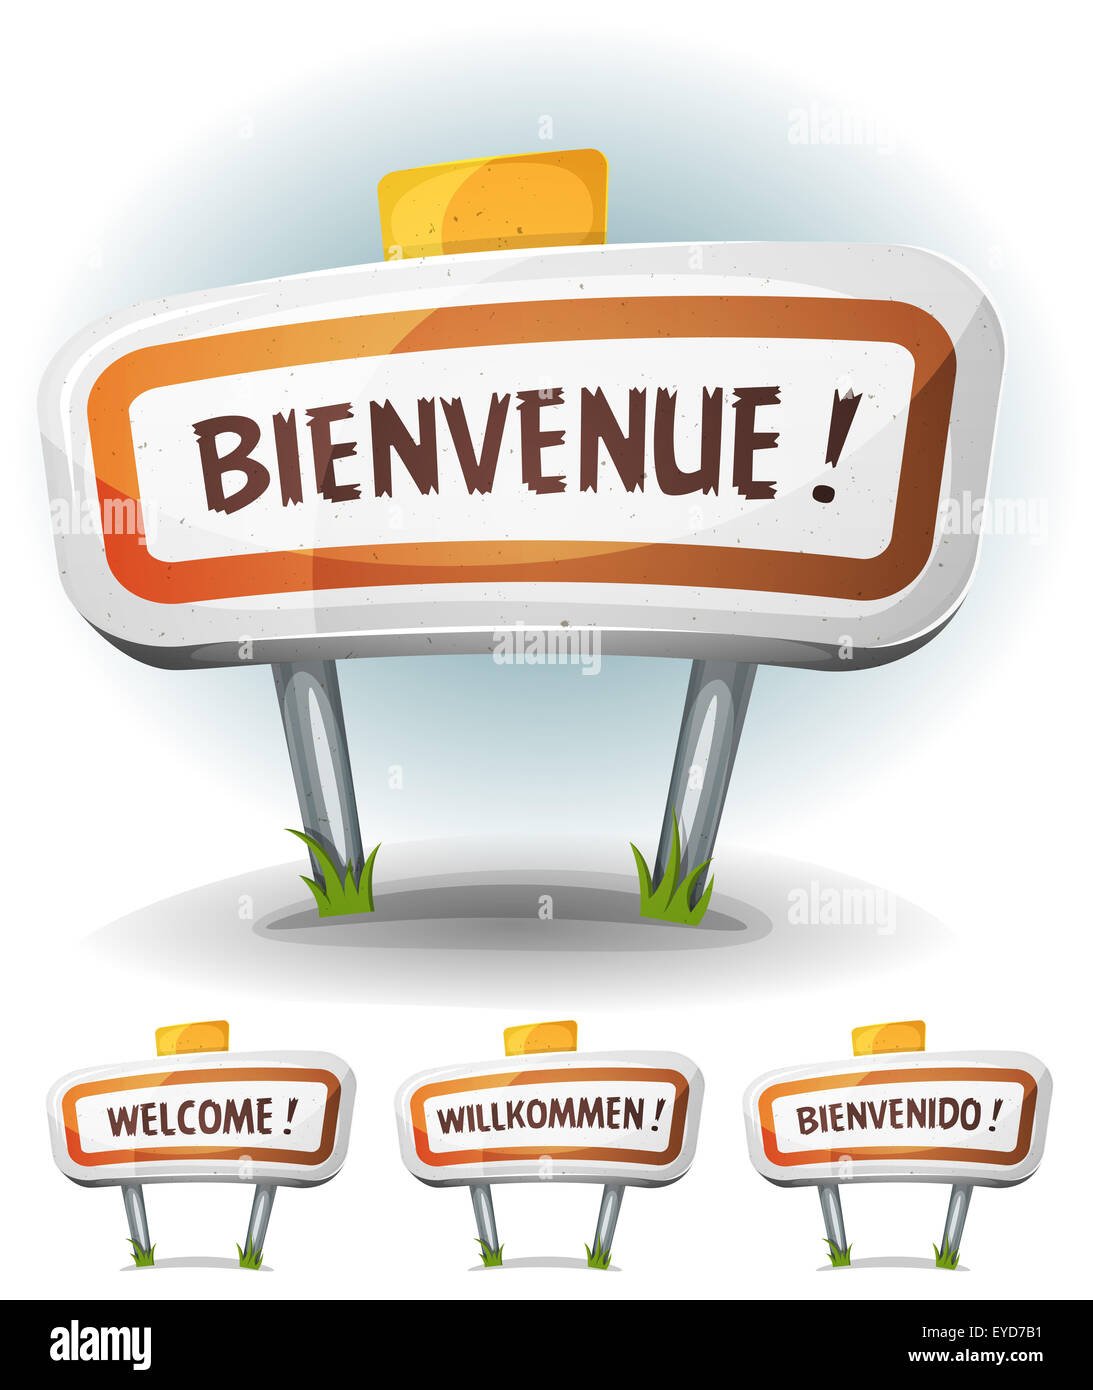 Abbildung einer Cartoon Comic-französische Stadt Straße unterzeichnen in französischer, deutscher, spanischer und englischer Sprache Stockfoto
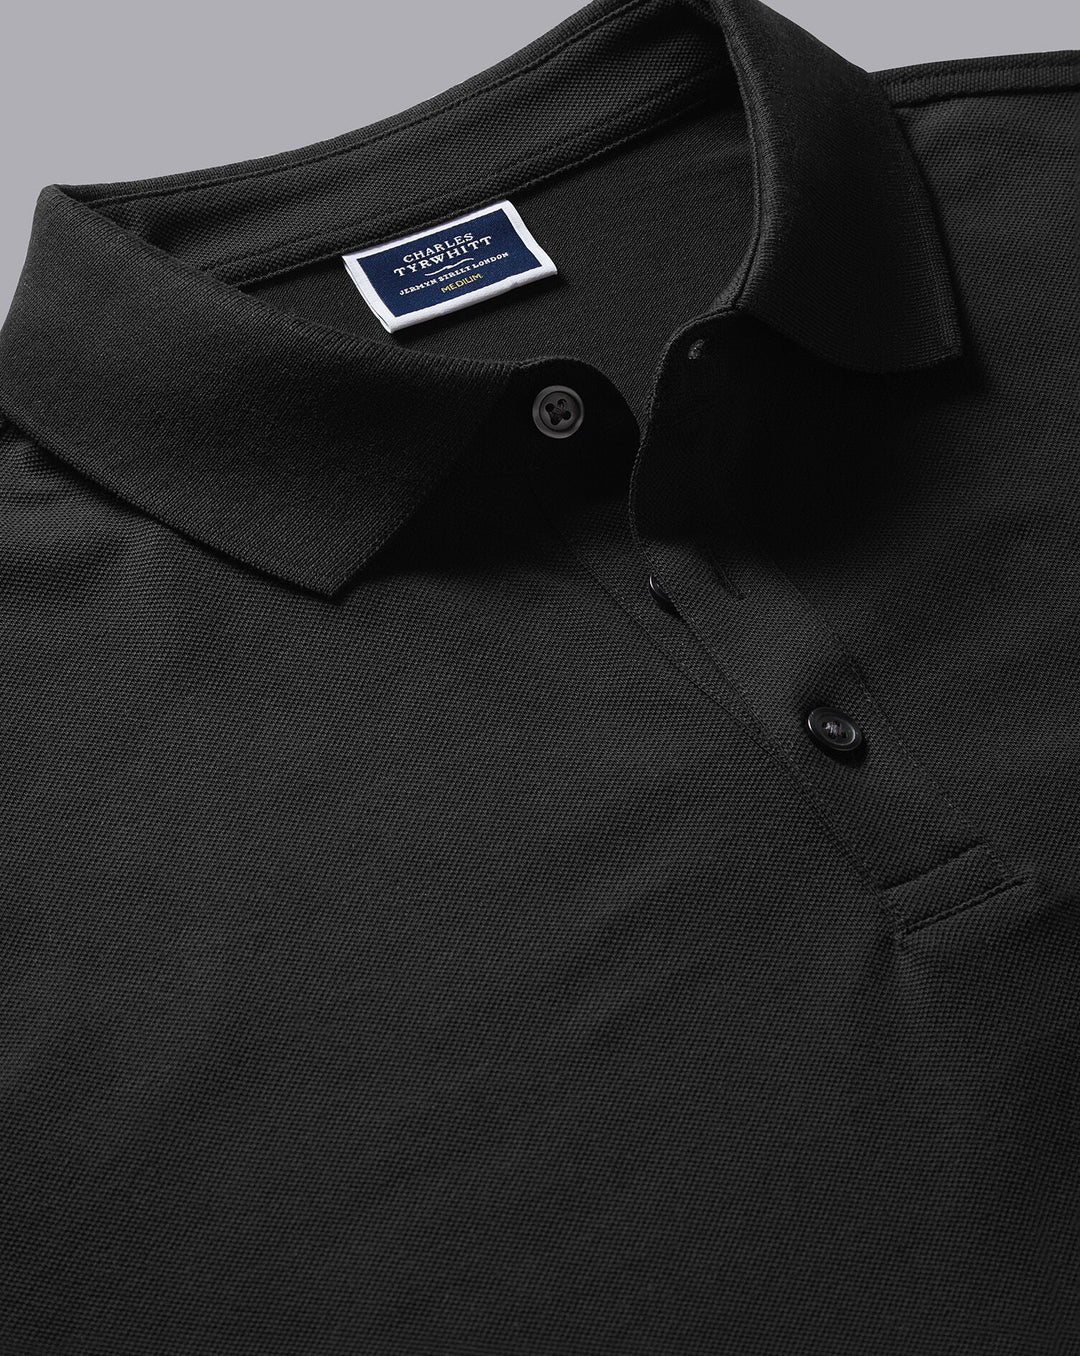 Charles Tyrwhitt Black Solid Short Sleeve Cotton Tyrwhitt Pique Polo
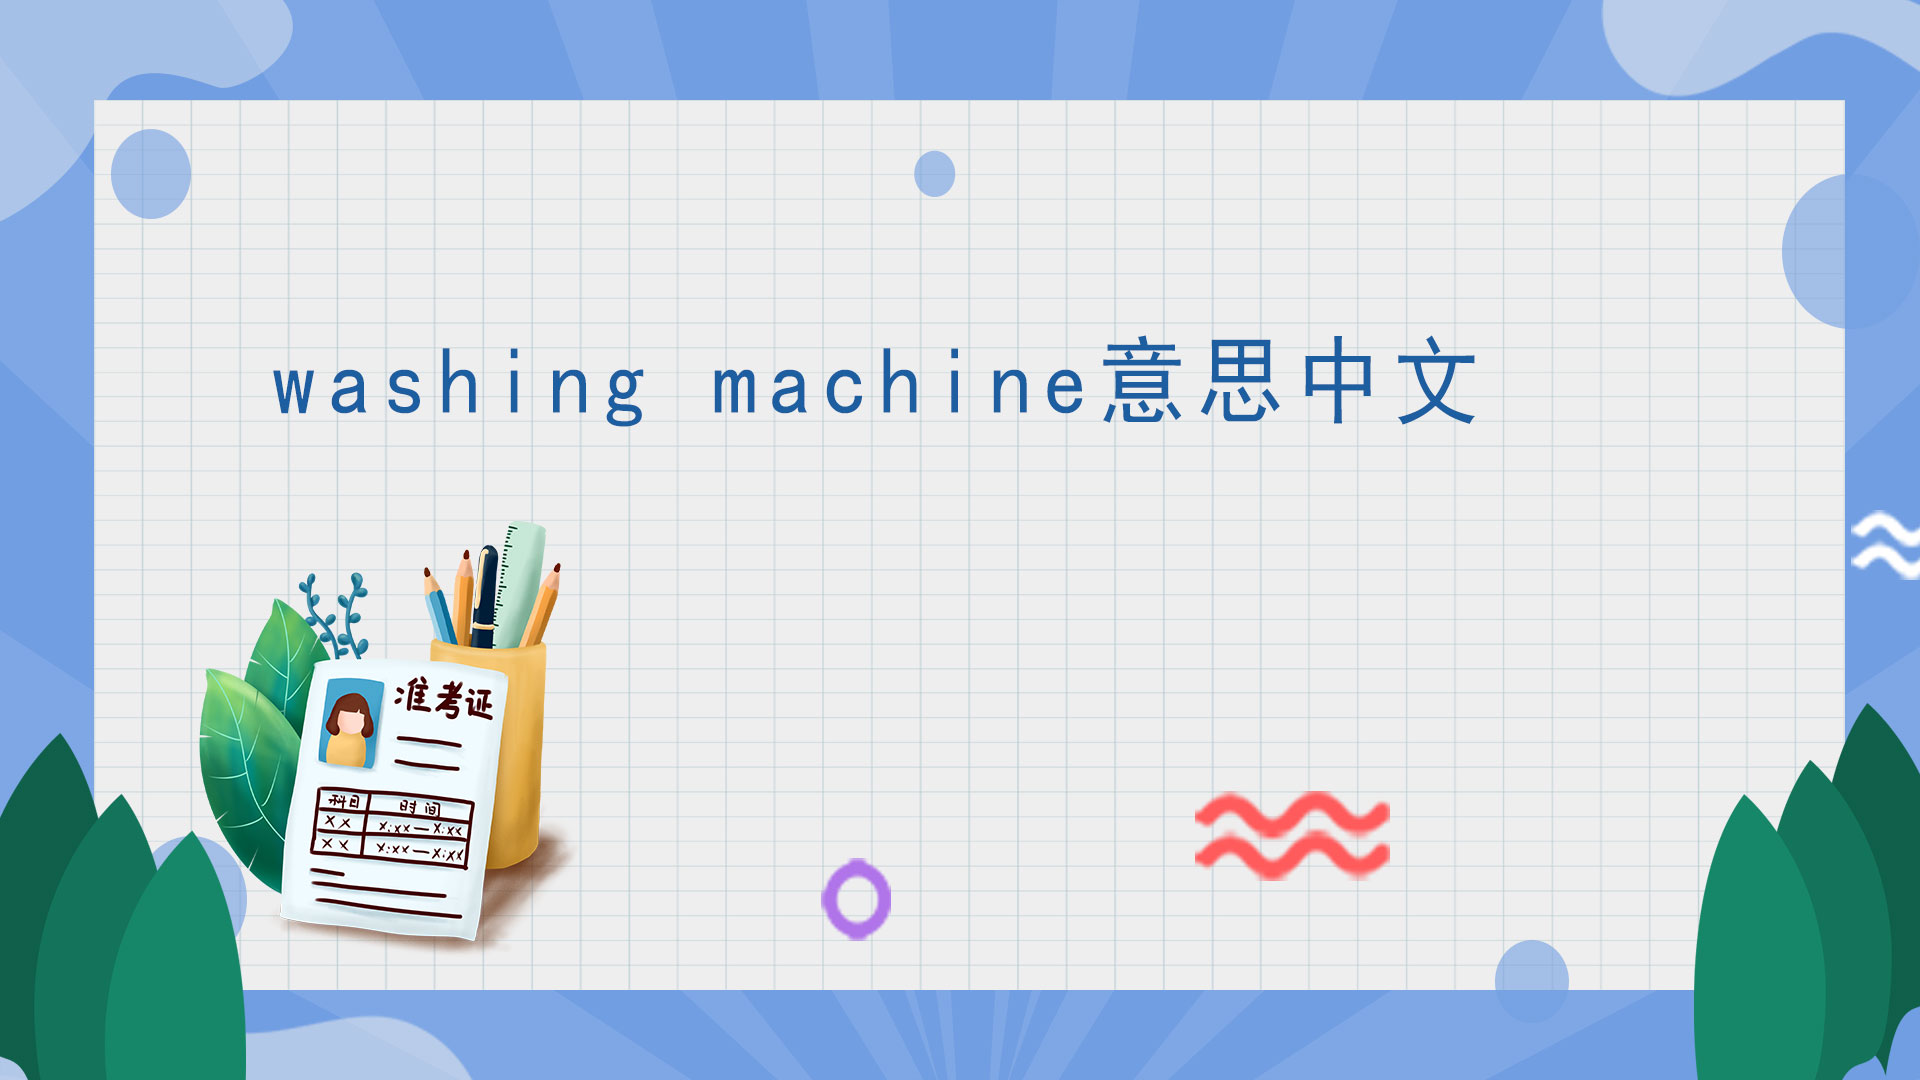 washing machine中文意思是什么
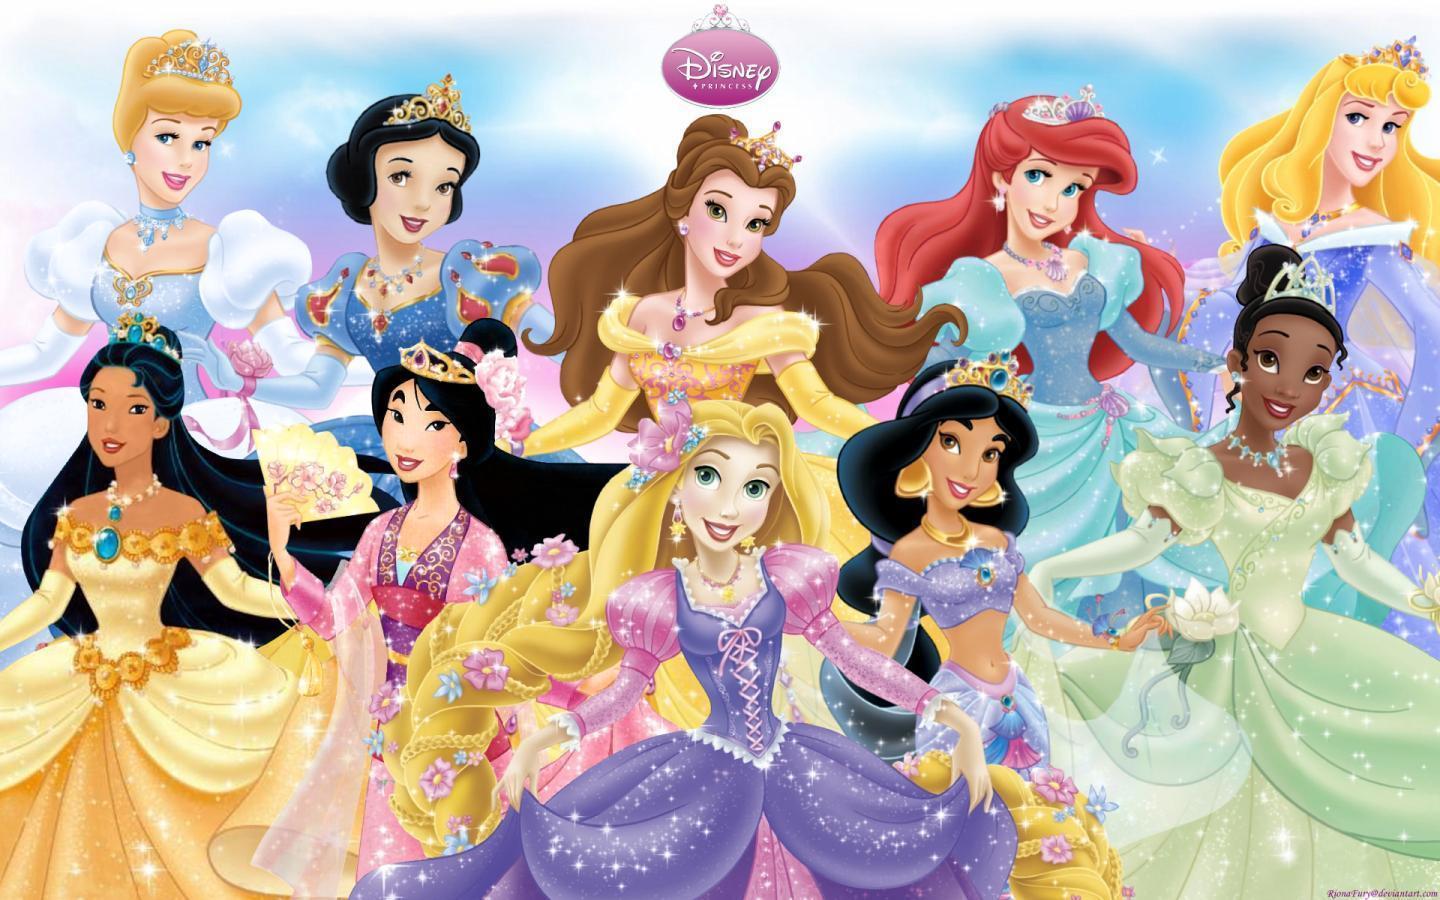 Fondos de Princesas Disney - Cueva Wallpaper
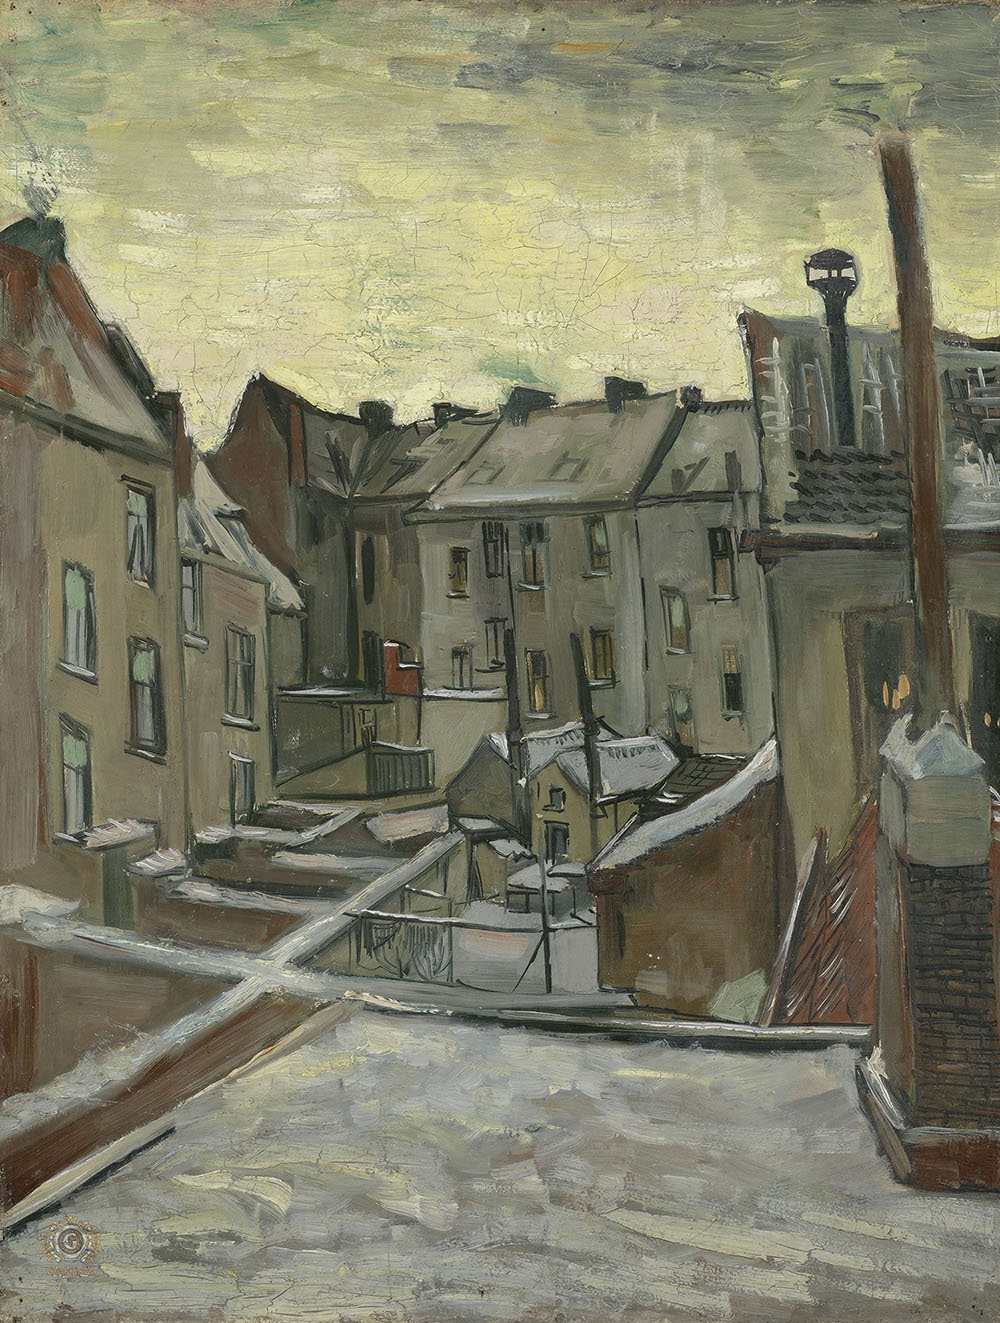 Винсент Ван Гог. "Задворки старых домов в Антверпене в снегу". 1885. Музей Ван Гога, Амстердам.

### DIRECTIONS FOR THIS TASK
Restrict the output to the lines from the one with "Charles Tyrwhitt Black" through the last line of the material above. Print them exactly, leaving out every picture.

### TASK ANSWER
 Charles Tyrwhitt Black Solid Short Sleeve Cotton Tyrwhitt Pique Polo
 washing machine中文意思是什么
 Fondos de Princesas Disney - Cueva Wallpaper
 Винсент Ван Гог. "Задворки старых домов в Антверпене в снегу". 1885. Музей Ван Гога, Амстердам.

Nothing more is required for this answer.